** GIVEN DATA follows **

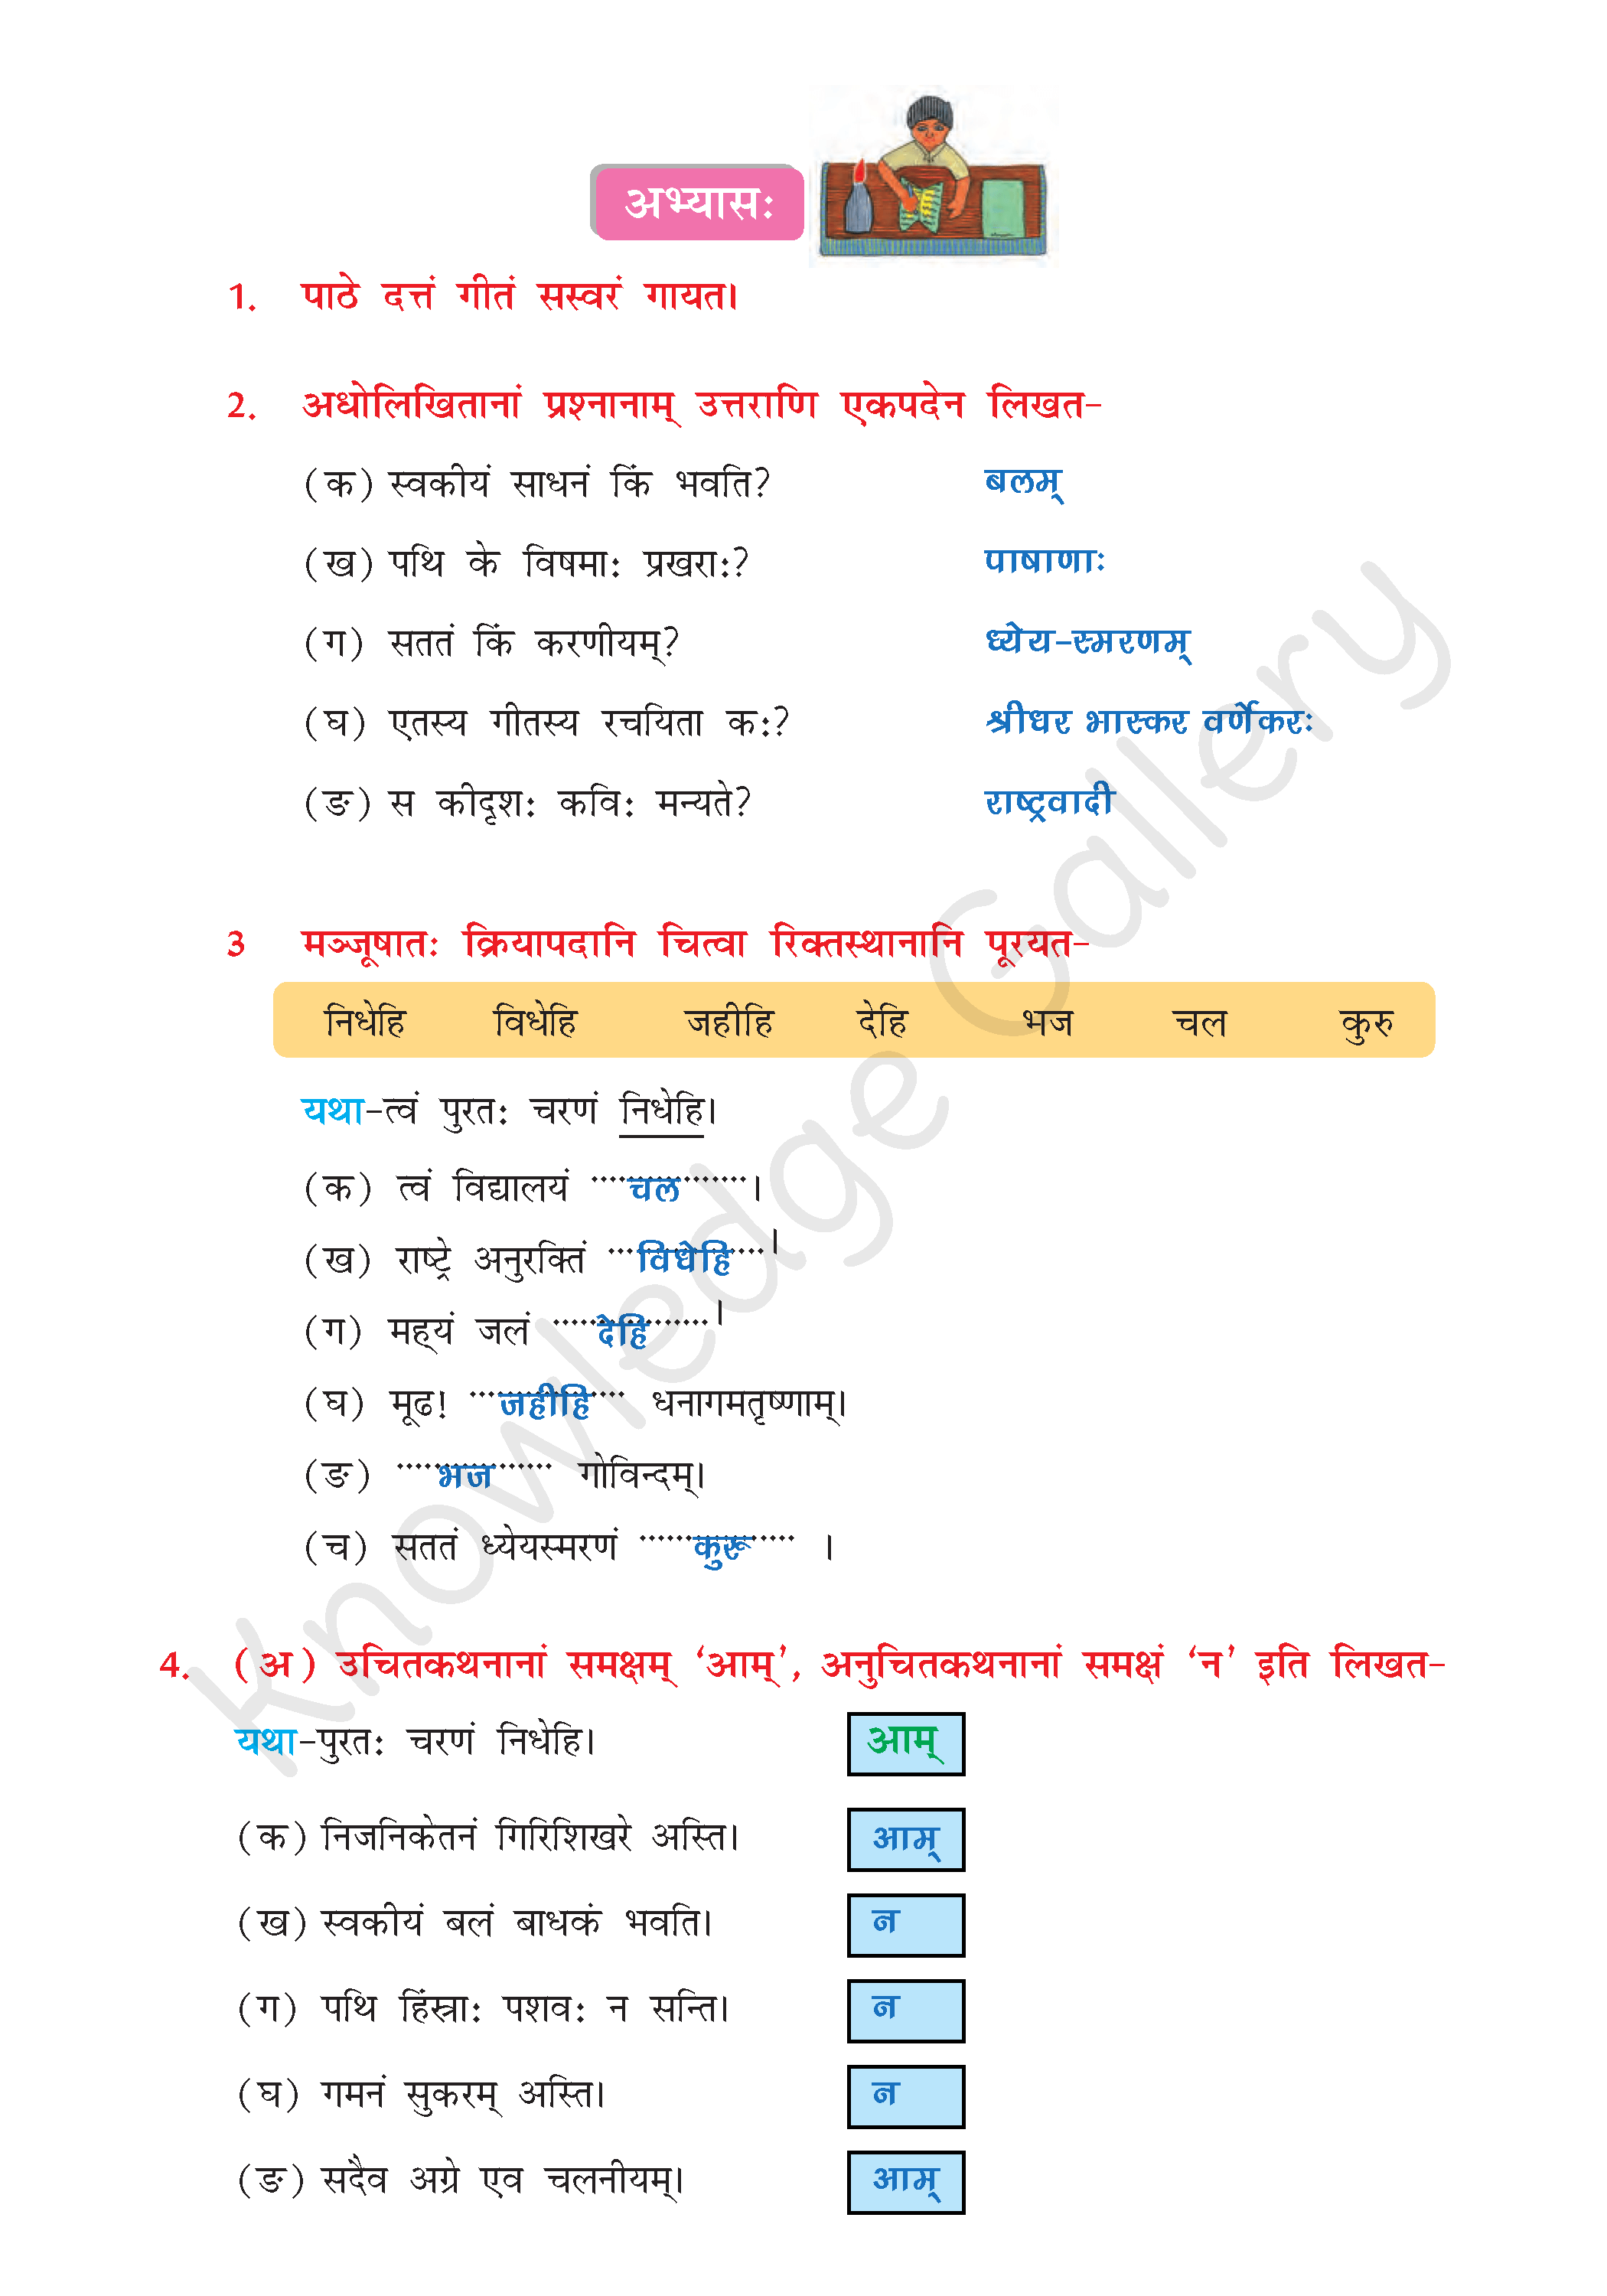 NCERT Solution For Class 8 Sanskrit Chapter 4 part 3
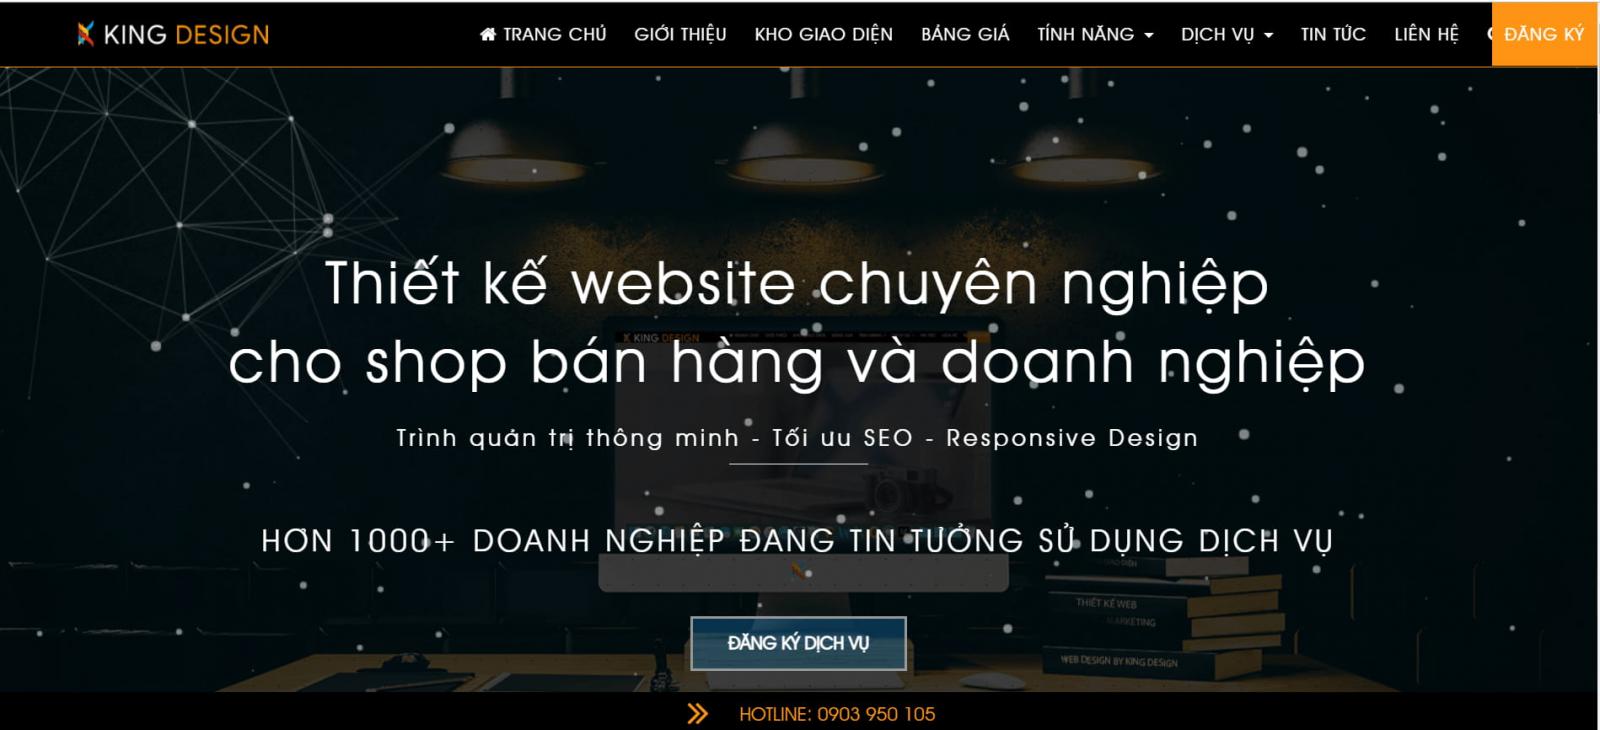 Dịch vụ thiết kế Web tại Cần Thơ - King Design
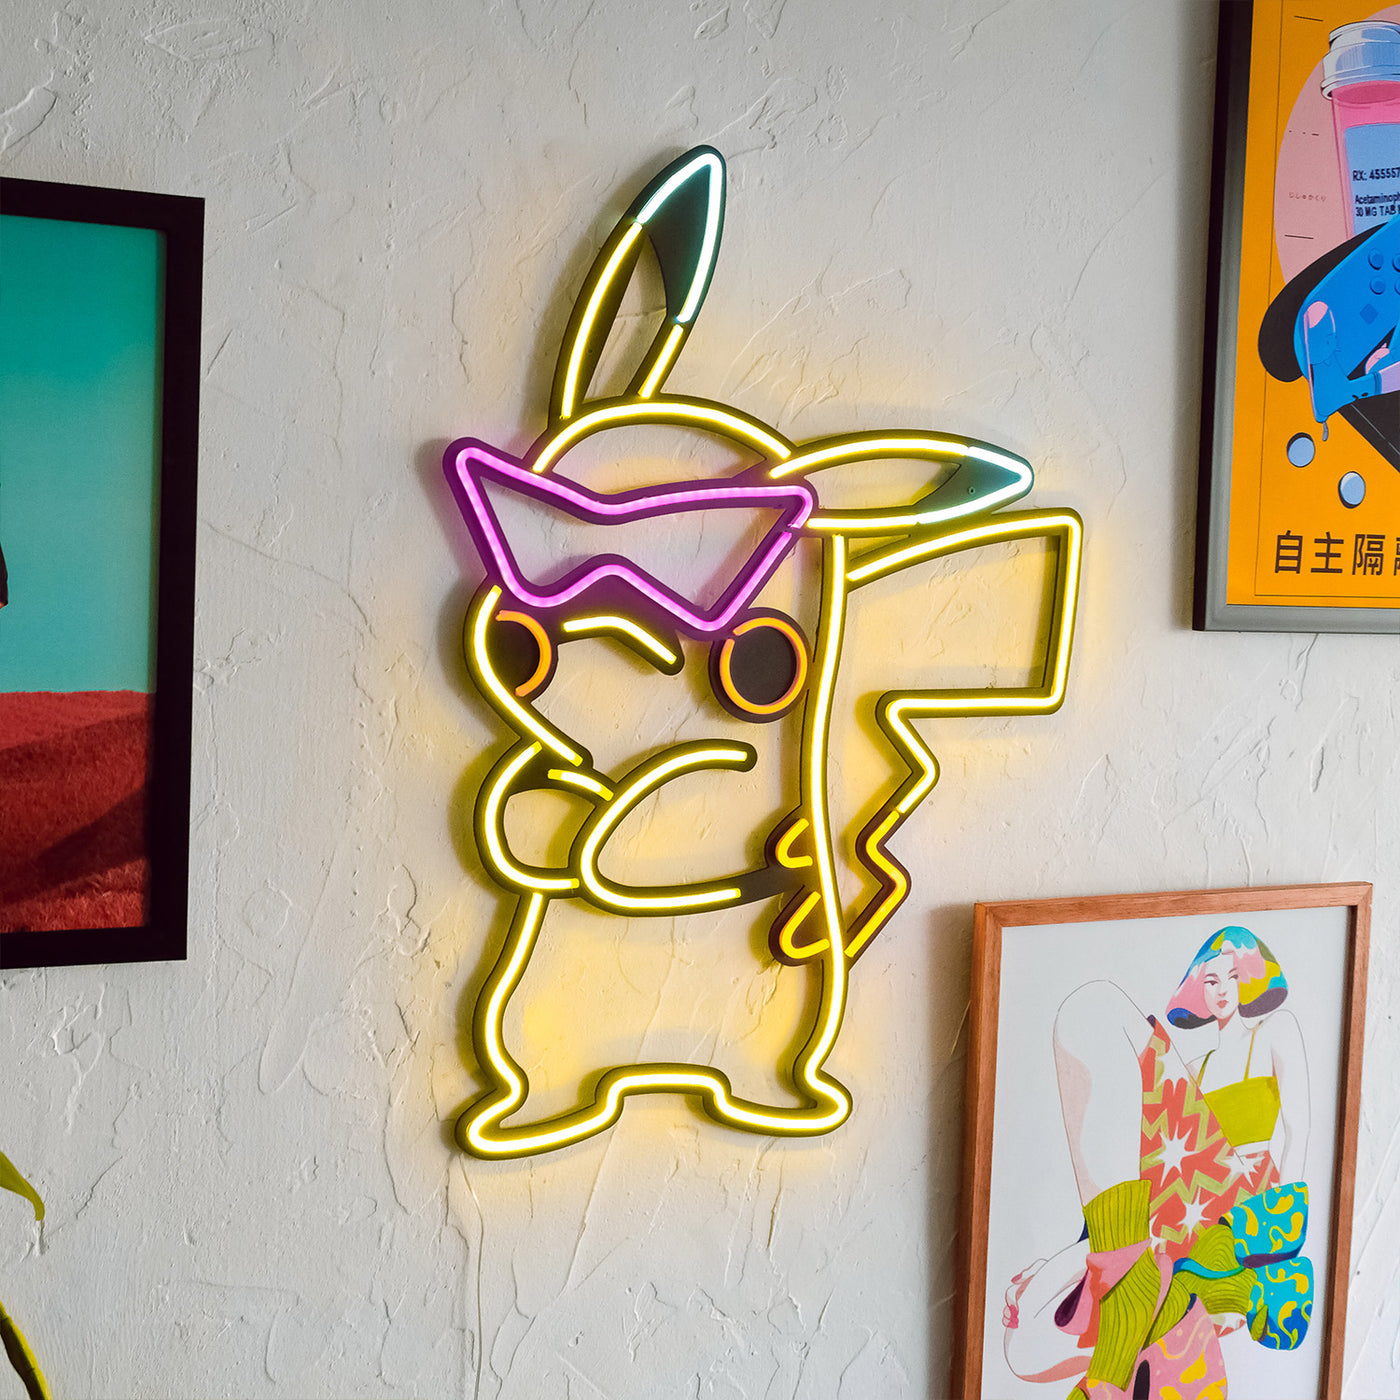 Art mural au néon inspiré de Pikachu 
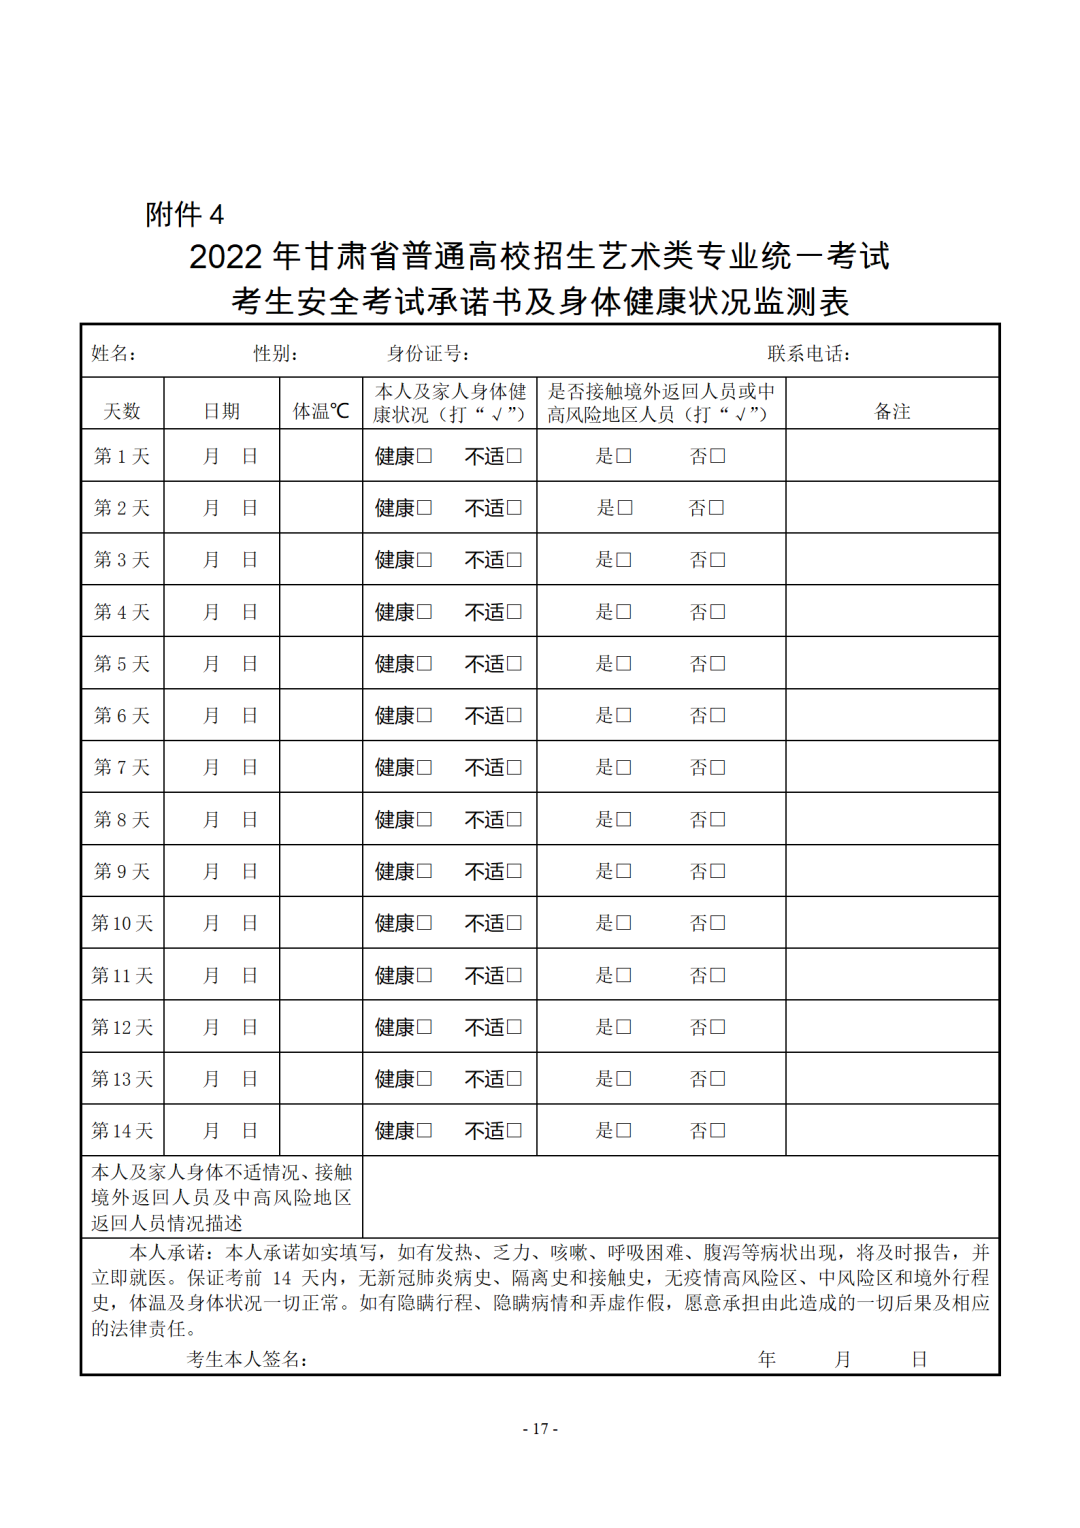 关于做好2022年甘肃省普通高等学校招生艺术类专业统一考试工作的通知

** End of GIVEN DATA **

**ASSIGNMENT**
Your copy should hold only the lines running from the one that contains "Art mural au néon inspiré de Pikachu" through the final line of the data; transcribe them exactly, both ends included, and leave pictures out.

**SOLUTION TO THIS TASK**
 Art mural au néon inspiré de Pikachu 
 关于做好2022年甘肃省普通高等学校招生艺术类专业统一考试工作的通知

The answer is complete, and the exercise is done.